Есть коренное различие между отношение народа и имущим и образованным на Западе и этим отношением у нас. И там народ ненавидит барина и не понимает его языка, но там непонимание и ненависть коренятся в умопостигаемах чувствах. Там народ ненавидит барина за то, что барин живет сыто, не трудясь физически, что трудами прежних поколений народа барин накопил себе крупный излишек, который дает ему возможность и жить в роскоши, и держать народ в безысходном рабстве, и приобретать знания, помогающие ему опять-таки эксплуатировать народ. Это-озлобление раба против господина и зависть голодного к сытому. С другой стороны, самое знание господ чуждо народной массе как по своему объему, так и по своей отвлеченности: отсюда непонимание. Но там нет той метафизической розни, как у нас, или, по крайней мере, ее нет в такой степени, потому что нет глубокого качественного различия между душевным строем простолюдина и барина отчасти барское знание столетиями просачивалось в народ отчасти в самой интеллигенции не так велик раскол между сознанием и жизнью. Западный буржуа несомненно беднее русского интеллигента нравственными идеями, но зато его идеи не многим превышают его эмоциональный строй, а главное, он живет сравнительно цельной душевной жизнью. Оттого на Западе мирный исход тяжбы между народом и господами психологический возможен: там борьба идет в области позитивных интересов и чувств, которые естественно выливаются в форму идей, а раз такая формулировка совершилась, главной ареной борьбы становится индивидуальное сознание. И действительно, на Западе идеи социализма играют сейчас решающую роль. Они постепенно превращают механическое столкновение в химический процесс, с одной стороны, сплачивая рабочую массу, с другой – медленно разлагая идеологию буржуазии, т. е. одним внушая чувство правоты, у других отнимая это чувство.

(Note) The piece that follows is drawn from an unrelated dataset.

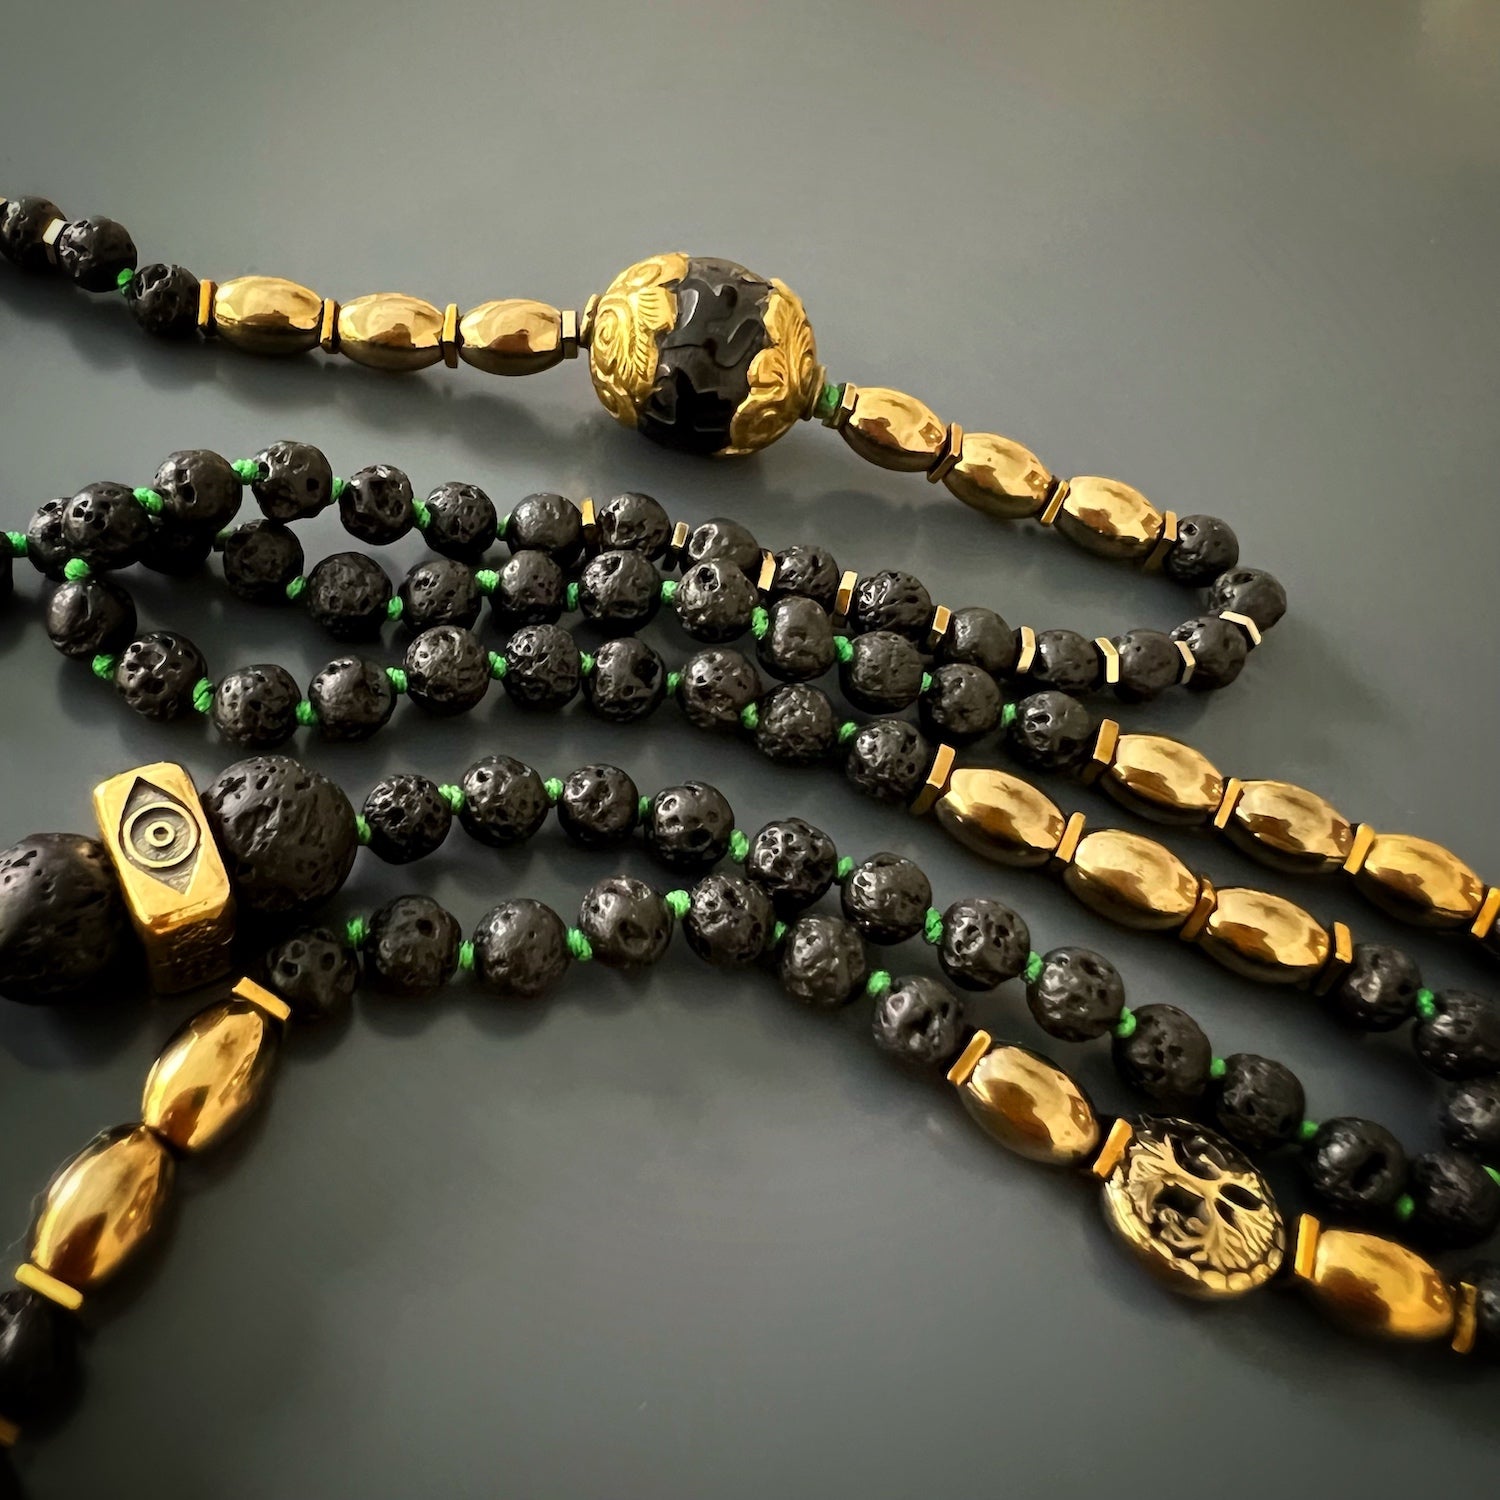 Beautiful and Meaningful Black Queen Nefertiti Necklace with Hematite Stone Beads

Между нами и нашим народом-иная рознь. Мы для него-не грабители, как свой брат деревенский кулак, мы для него даже не просто чужие, как турок или француз: он видит наше человеческое и именно русское обличие, но не чувствует в нас человеческой души, и потому он ненавидит нас страстно, вероятно с бессознательным мистическим ужасом, тем глубже ненавидит, что мы свои. Каковы мы есть, нам не только нельзя мечтать о слиянии с народом, – бояться его мы должны пуще всех казней власти и благословлять эту власть, которая одна своими штыками и тюрьмами еще ограждает нас от ярости народной.

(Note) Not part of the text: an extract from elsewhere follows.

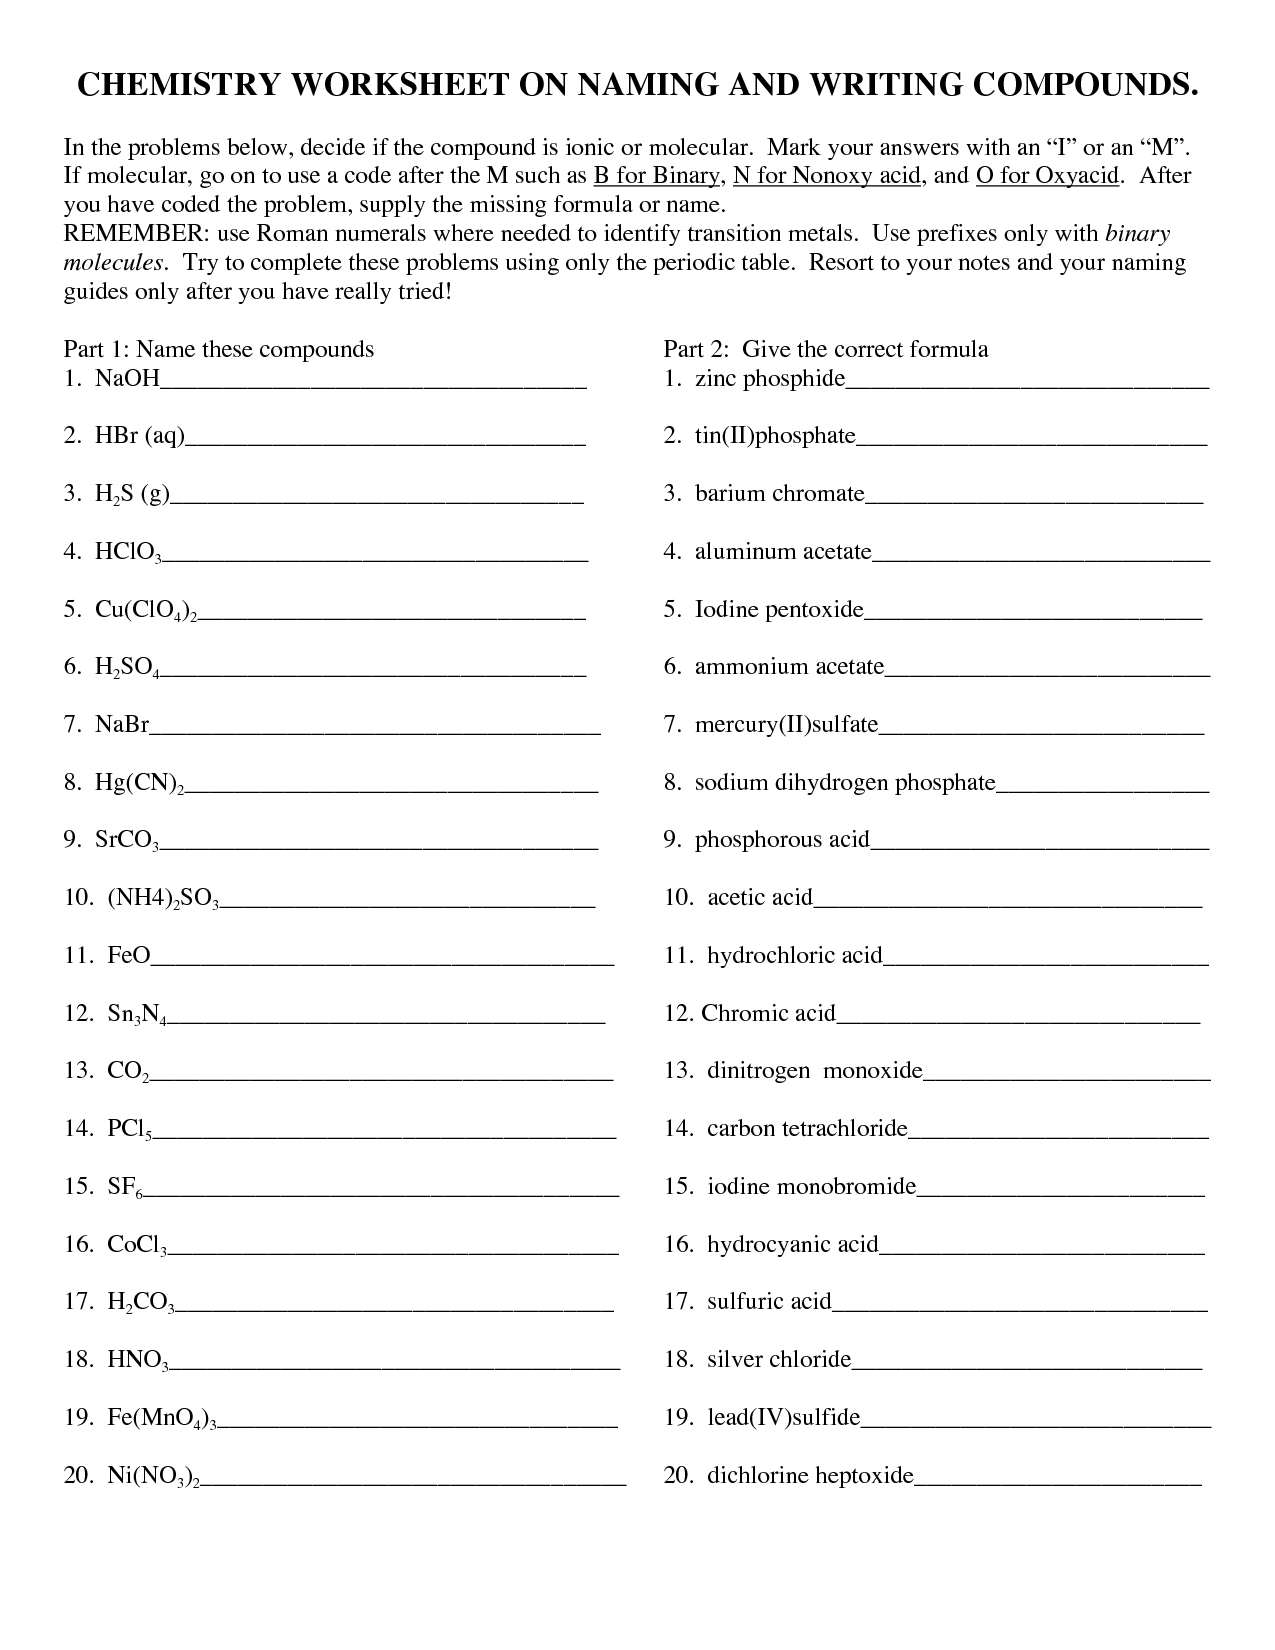 Organic Compounds Worksheet Answers

Таковы мы были перед революцией, такими же с виду остаемся и теперь. Но уже задолго до революции в интеллигентской психике начался глубокий перелом.

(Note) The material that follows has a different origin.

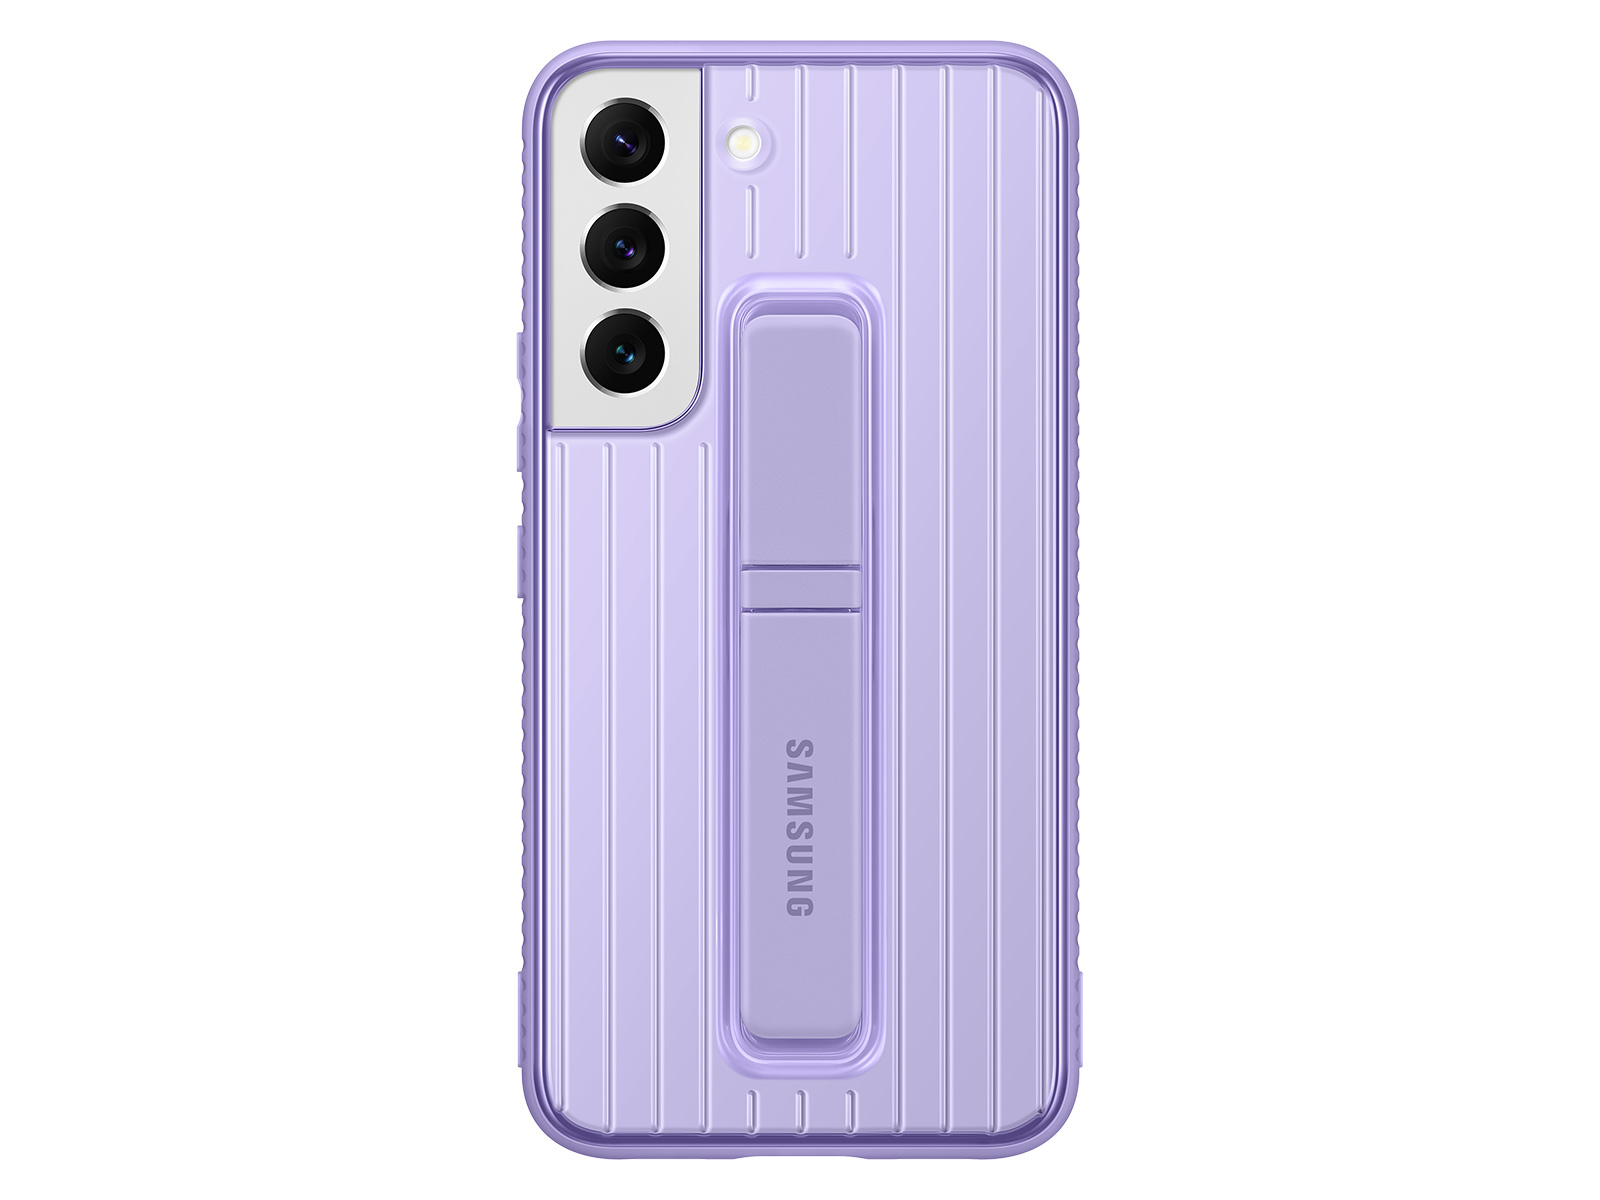 Galaxy S22 Protective Standing Cover, Fresh Lavender Mobile Accessories ...

Этот внутренний распад личности был до такой степени противоестествен, так угнетала беспорядочность и грубость собственного быта, не руководимого сознанием, так изнурялся самый ум вечным раздражением отвлеченно-нравственной мысли, что человек не мог оставаться здоровым. И действительно, средний интеллигент, не опьяненный активной политической деятельностью, чувствовал себя с каждым годом все больнее. Уже в половине восьмидесятых годов ему жилось очень плохо: в длинной веренице интеллигентских типов, зарисованных таким тонким наблюдателем, как Чехов, едва ли найдется пять-шесть нормальных человек. Наша интеллигенция на девять десятых поражена неврастенией, между нами почти нет здоровых людей, – все желчные, угрюмые, беспокойные лица, искаженные какой-то тайной неудовлетворенностью, все недовольны, не то озлоблены, не то огорчены. То совпадение профессии с врожденными свойствами личности, которое делает работу плодотворной и дает удовлетворение человеку, для нас невозможно, потому что оно осуществляется только тогда, когда личность выражена в сознании, и стоят люди на самых святых местах, проклиная каждый свое постылое место, и работают нехотя, кое-как. Мы заражаем друг друга желчностью и сумели до такой степени насытить, кажется, самую атмосферу нашим неврастеническим отношением к жизни, что свежий человек – например, те из нас, кто долго жил за границей, – на первых порах задыхается, попав в нашу среду.